The time has come, you’ve got a contract, and the sometimes long and arduous editing process has begun. How are you going to handle it?

BABY BABY BABY!

There are those of you with substantial egos. What you write is perfect. When some schmuck comes along and tears the heart and soul out of your work, whaaaa??? Of course, you dismiss them as ignorant know-it-alls who don’t have a clue. They need to get with the program.

Then you think about it. They dared to criticize your masterpiece and find flaws that aren’t there! How could they! The whole world is against me! Everyone is picking on me! Why did I pick this publisher!

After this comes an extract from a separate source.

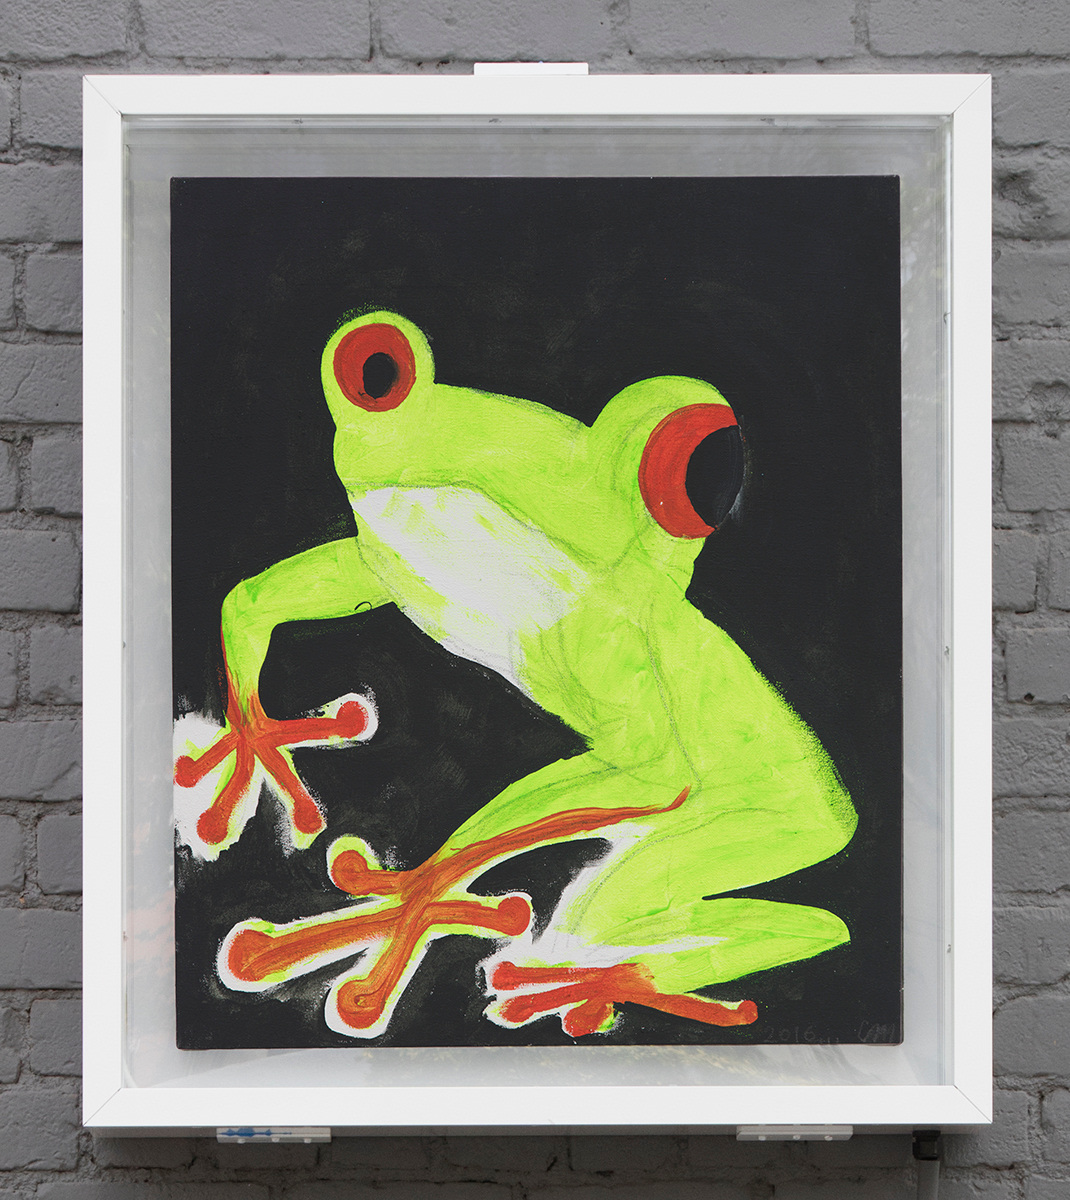 Chris Martin Frog 1, 2016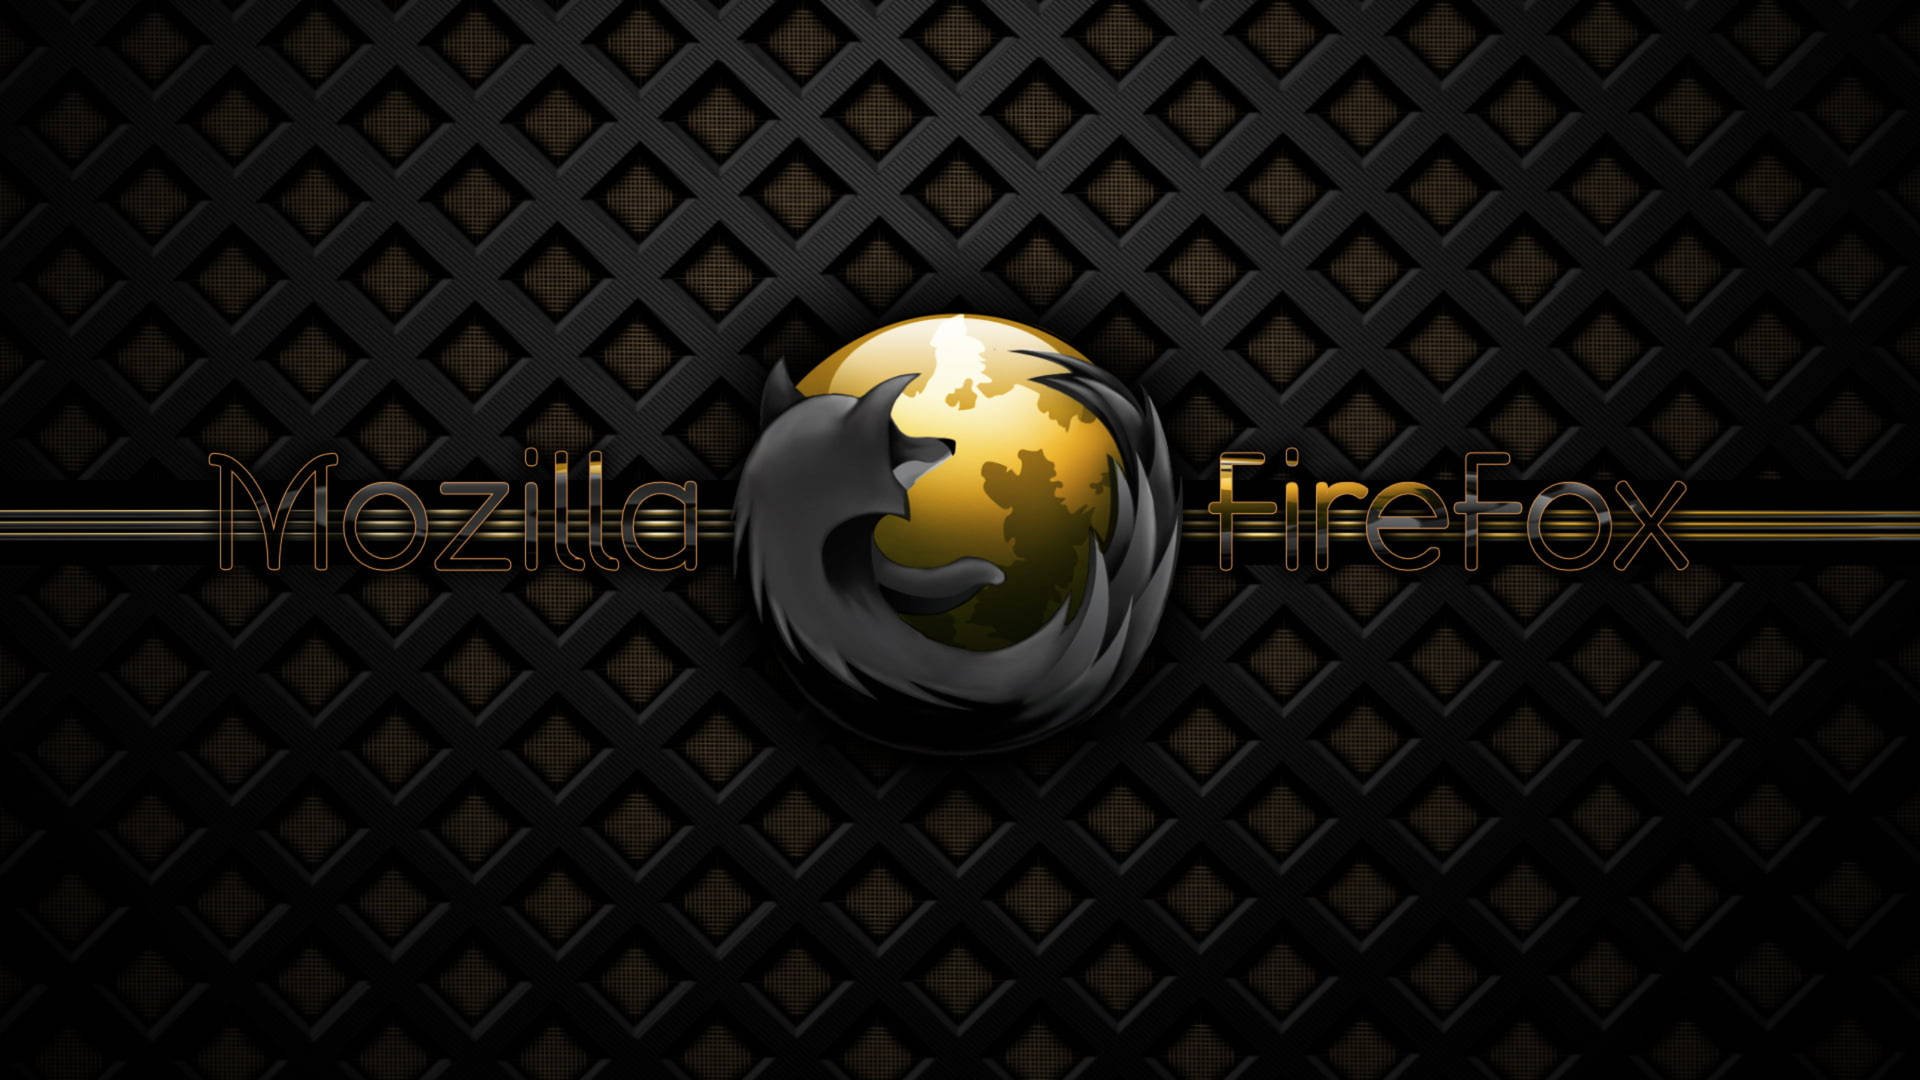 Mozillafirefox En Negro Y Oro. Fondo de pantalla

I don’t think this happens often, because hopefully, the agents and publishers filter these miserable people out beforehand, but it’s probably not unheard of. On the other hand, I’ve read some real crap by established authors that went off the deep end because they had sales. Yup, once they started making money, they could get away with throwing these little tantrums and getting away with it.

FOREST THROUGH THE TREES – CHECK THE EGO

Content editing is there for your own good. You have that signed and notarized contract in your grubby little hands. It’s time to suck it up and let an outside editor see the forest you can’t see through the trees. This neutral party has the expertise and experience to see the minute details and flaws everyone else, including the agent, and beta readers and writers group missed in the story. This detailed content edit isn’t a line edit, specifically, that looks for grammar and syntax, though they might point out obvious flaws. Their job is to look for structural flaws, the big picture.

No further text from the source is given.